··· Data block ···
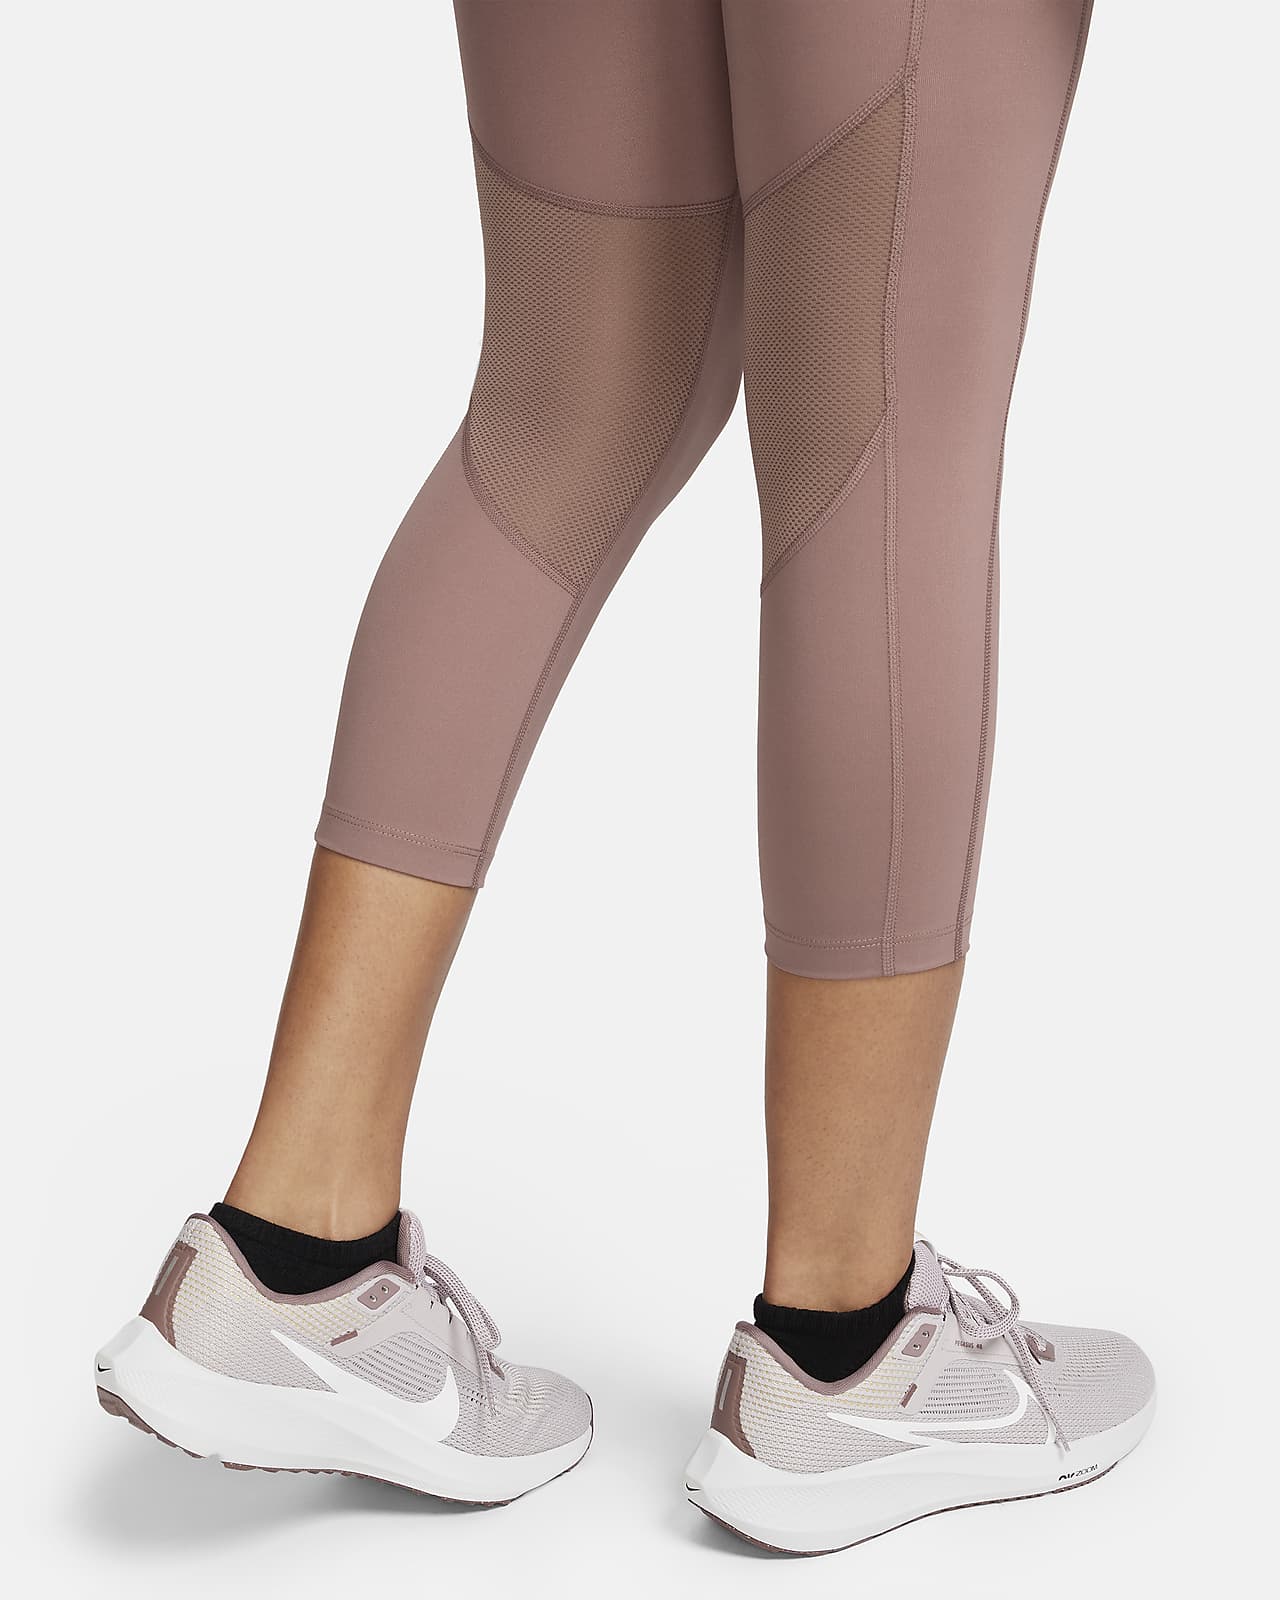 NIKE FAST WOMENS Dri-Fit Gym Leggings Activewear Sport Running
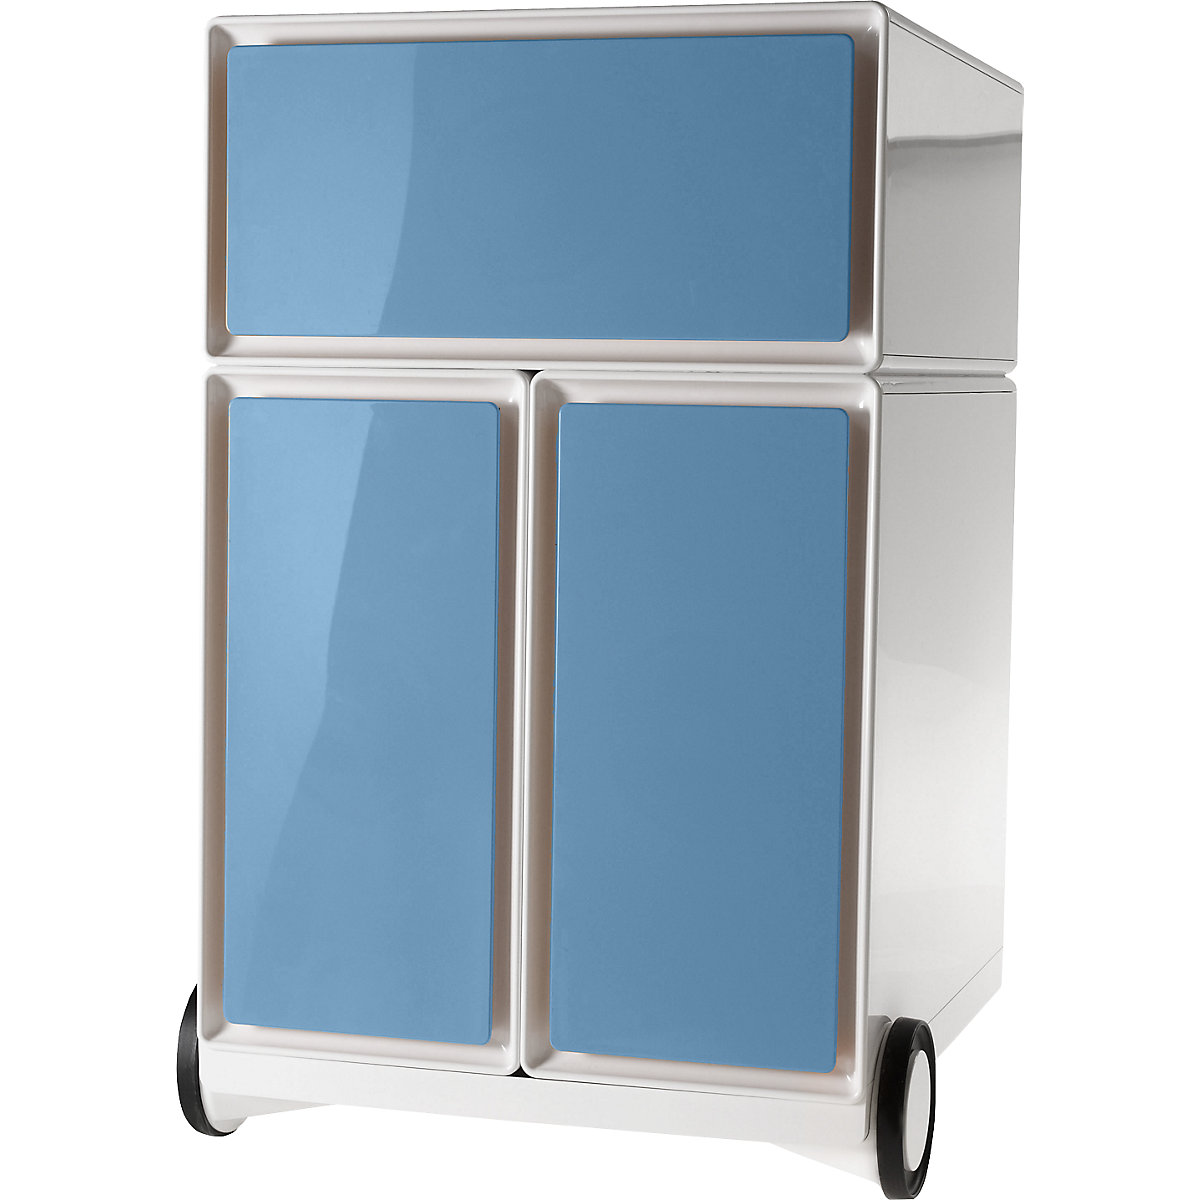 Pojízdný kontejner easyBox® – Paperflow, 1 zásuvka, 2 výsuvy pro závěsné složky, bílá / modrá-8
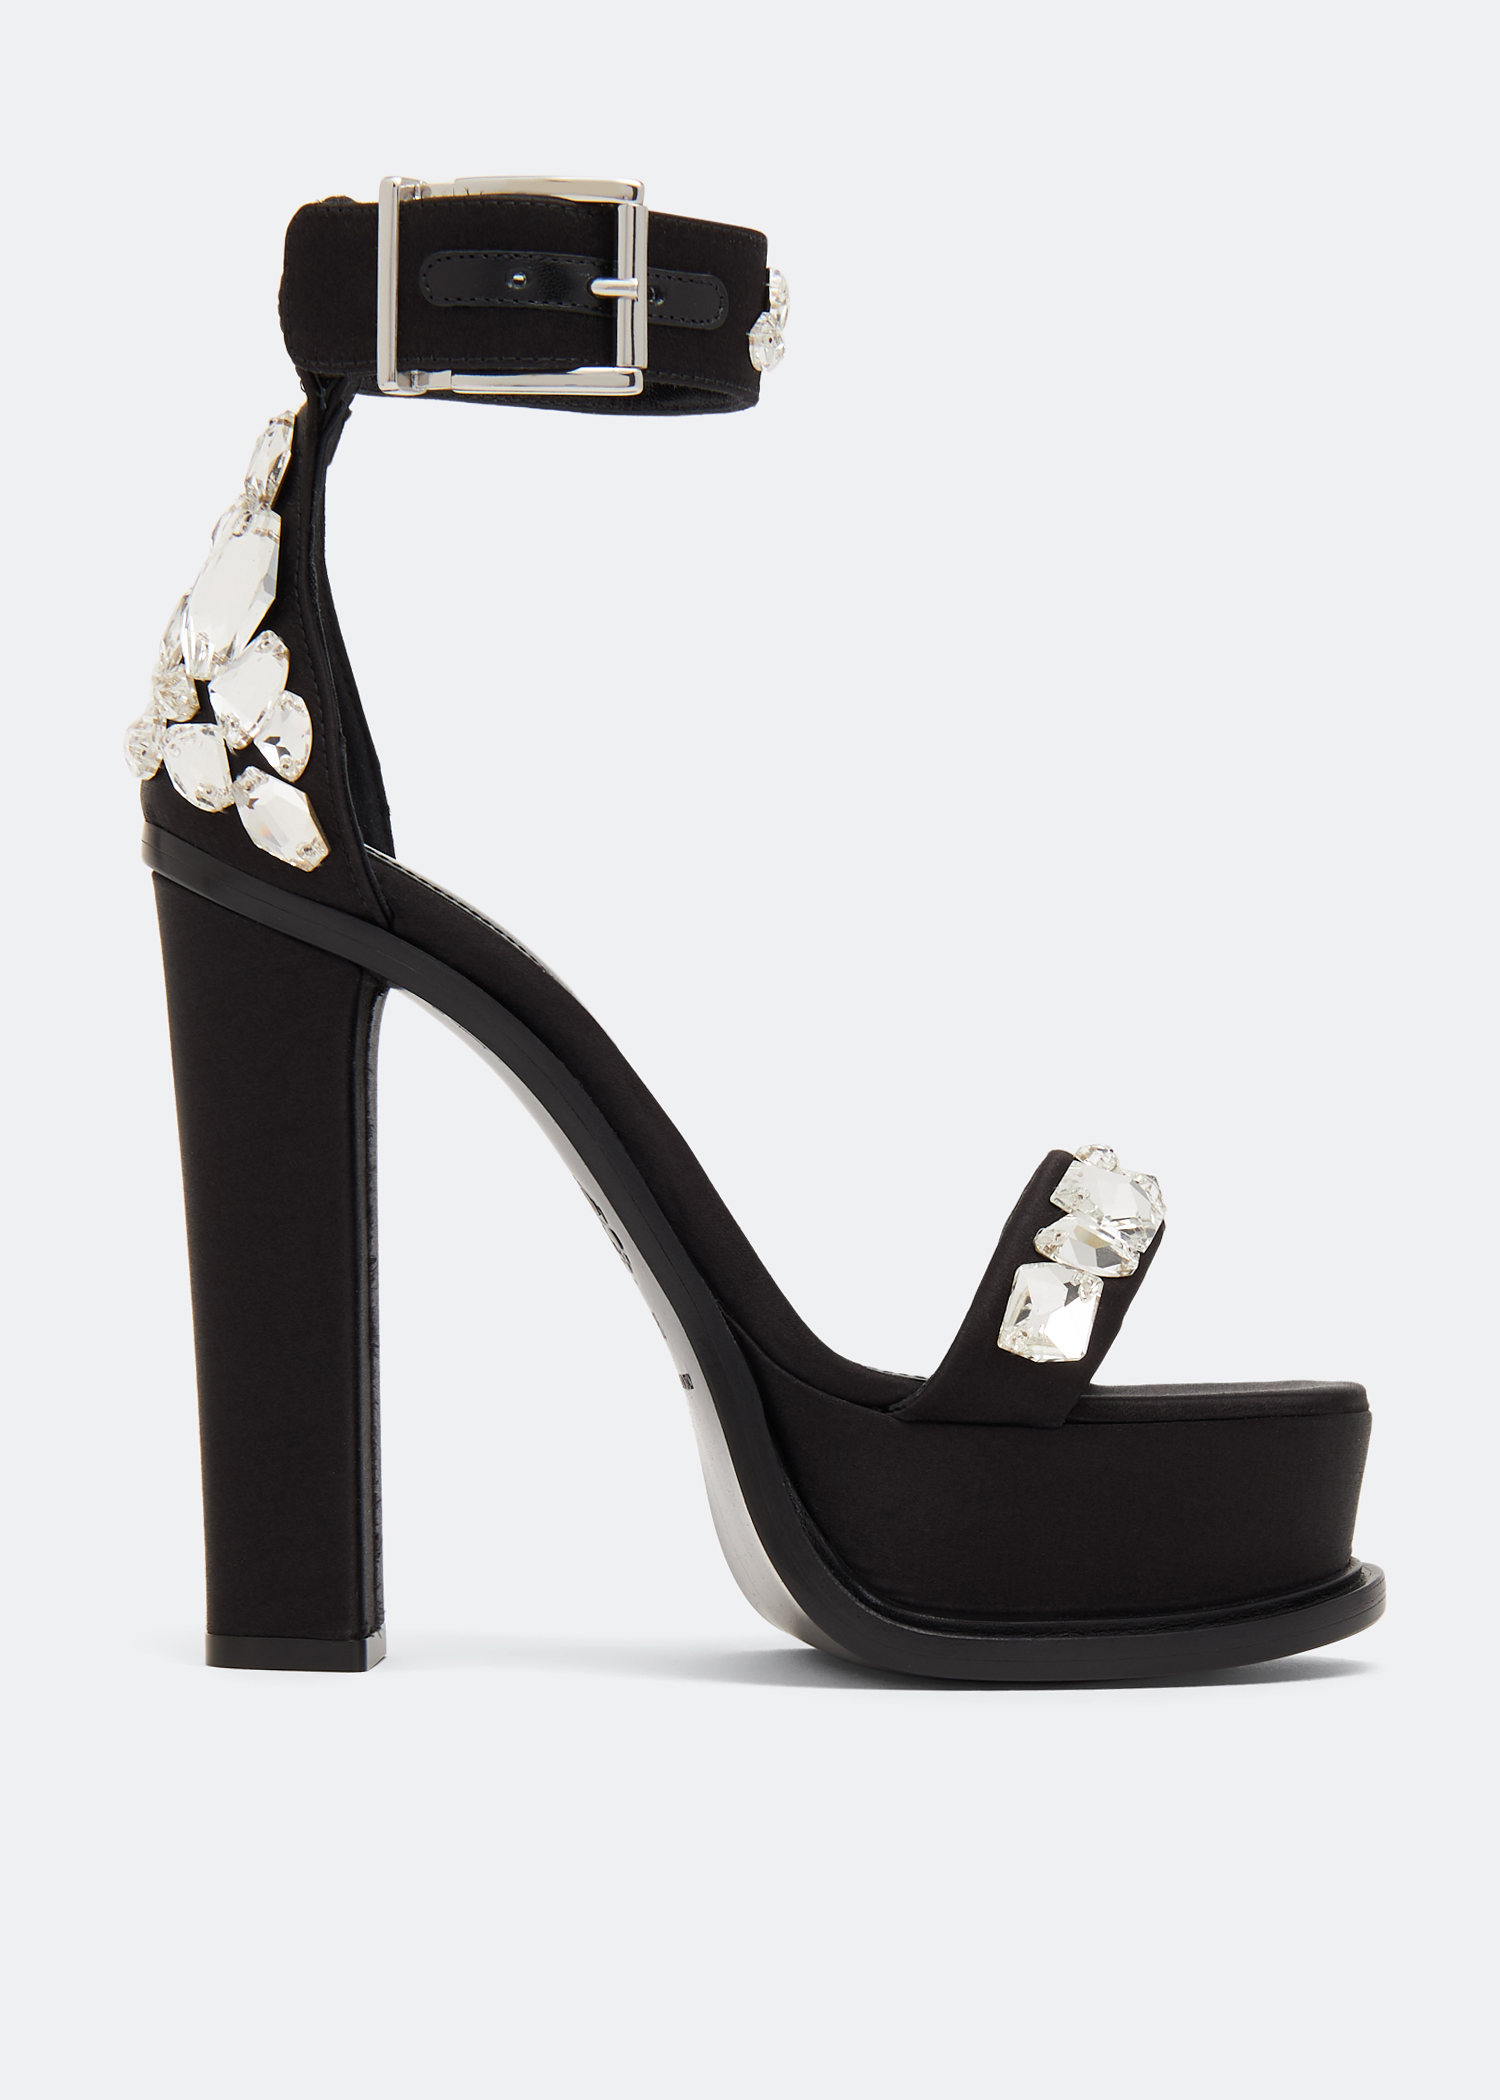 Alexander McQueen Leather platform sandals for Women - Black in
···
Required action: Would you copy all the material exactly, dropping the pictures?

Response box:
 NIKE FAST WOMENS Dri-Fit Gym Leggings Activewear Sport Running
 Pojízdný kontejner easyBox® – Paperflow, 1 zásuvka, 2 výsuvy pro závěsné složky, bílá / modrá-8
 Alexander McQueen Leather platform sandals for Women - Black in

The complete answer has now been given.